New Central Bank Chief Says Colombia Rate Cut Isn’t Inevitableby and
Echavarria reiterates goal of inflation below 4% by year end
One-time Yellen student cites split vote at last rate meeting
Colombia’s new central bank chief said it’s too soon for policy makers to declare victory over inflation and that policy makers won’t necessarily cut rates again this month if they’re unsure of hitting their target.
“The more uncertainty you get, the less you should reduce rates, because we have to get inflation in the range of 2 percent to 4 percent -- that’s very important,” Governor Juan Jose Echavarria said Sunday, in an interview in Basel. “We have to guarantee that we are in the inflation range at the end of the year.”
Echavarria, a one-time student of Federal Reserve Chair Janet Yellen when she taught at Harvard in the 1970s, takes over at Colombia’s central bank as it tries to balance the risks of inflation remaining above its target for an extended period against the threat of too steep a slowdown. The bank cut borrowing costs for the first time in almost four years last month, as the economy grows at its weakest pace since the global financial crisis, with a contracting mining and energy sector.
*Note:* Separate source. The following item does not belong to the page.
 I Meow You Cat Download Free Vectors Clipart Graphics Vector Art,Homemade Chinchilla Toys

The split among board members over whether to hold or cut rates is likely to continue at the January policy meeting, Echavarria said. If the board sees inflation isn’t approaching the target, “we have to keep rates up,” he said.
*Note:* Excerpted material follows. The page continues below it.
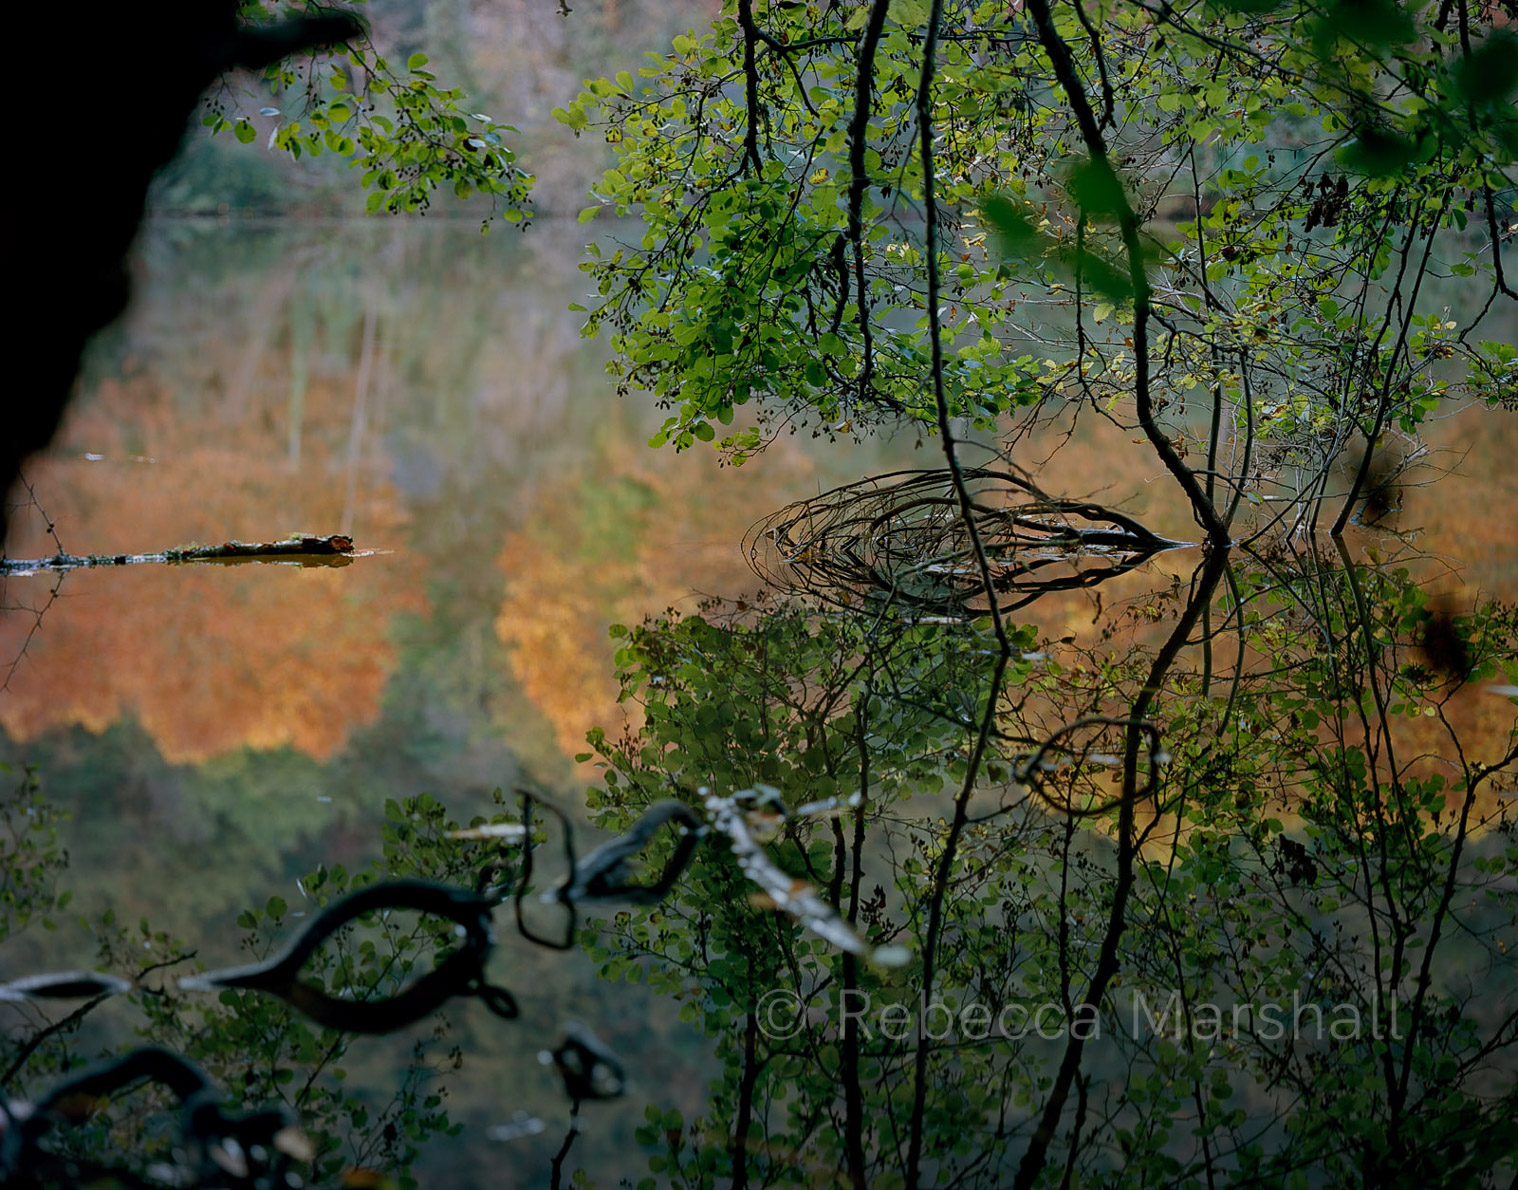 Photograph of trees and roots in a slow-moving river in the woods, with orange leaves reflected in the water

“In the last meeting, the vote was four in favor of decreasing and three opposing it, and I think it will be very similar to that next discussion,” he said. “It’s not very clear what to do.”
Annual inflation slowed to 5.75 percent in December, exceeding the forecasts of all 22 analysts in a Bloomberg survey, whose median forecast was 5.61 percent. Echavarria said that food price inflation was not as favorable as expected, but that the overall result had been within the range of outcomes foreseen by the bank. Consumer price rises hit a 16-year high of 8.97 percent in July, as a drought hit food supplies and a weaker peso raised import prices.
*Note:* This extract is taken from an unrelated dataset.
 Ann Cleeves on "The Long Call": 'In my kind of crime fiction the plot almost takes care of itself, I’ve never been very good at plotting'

Echavarria said the bank’s goal of getting inflation back within its target range “keeps me awake at nights, because inflation figures are high. Mexico, Peru and Chile have an inflation record that is much better than we have, these days.”
Echavarria, 65, is a close ally of President Juan Manuel Santos and was an adviser on economic affairs in Santos’s 2014 re-election campaign. Nomura Holdings Inc. said this could hurt perceptions of the bank’s independence, especially given that Santos recently called for interest rate cuts. Asked whether these fears were legitimate, Echavarria said he owed his position to the bank’s board, rather than to Santos.
Economists surveyed by Bloomberg estimate that the economy expanded 1.9 percent last year, which would be slowest pace since 2009. Echavarria said that the economy has tended to grow at about 4.5 percent over the last two decades and that the current growth rate is “unsatisfactory”, even if other countries in the region are doing worse.
Echavarria cited Nobel laureate Paul Krugman and former Federal Reserve Chair Ben Bernanke among the economists he admires.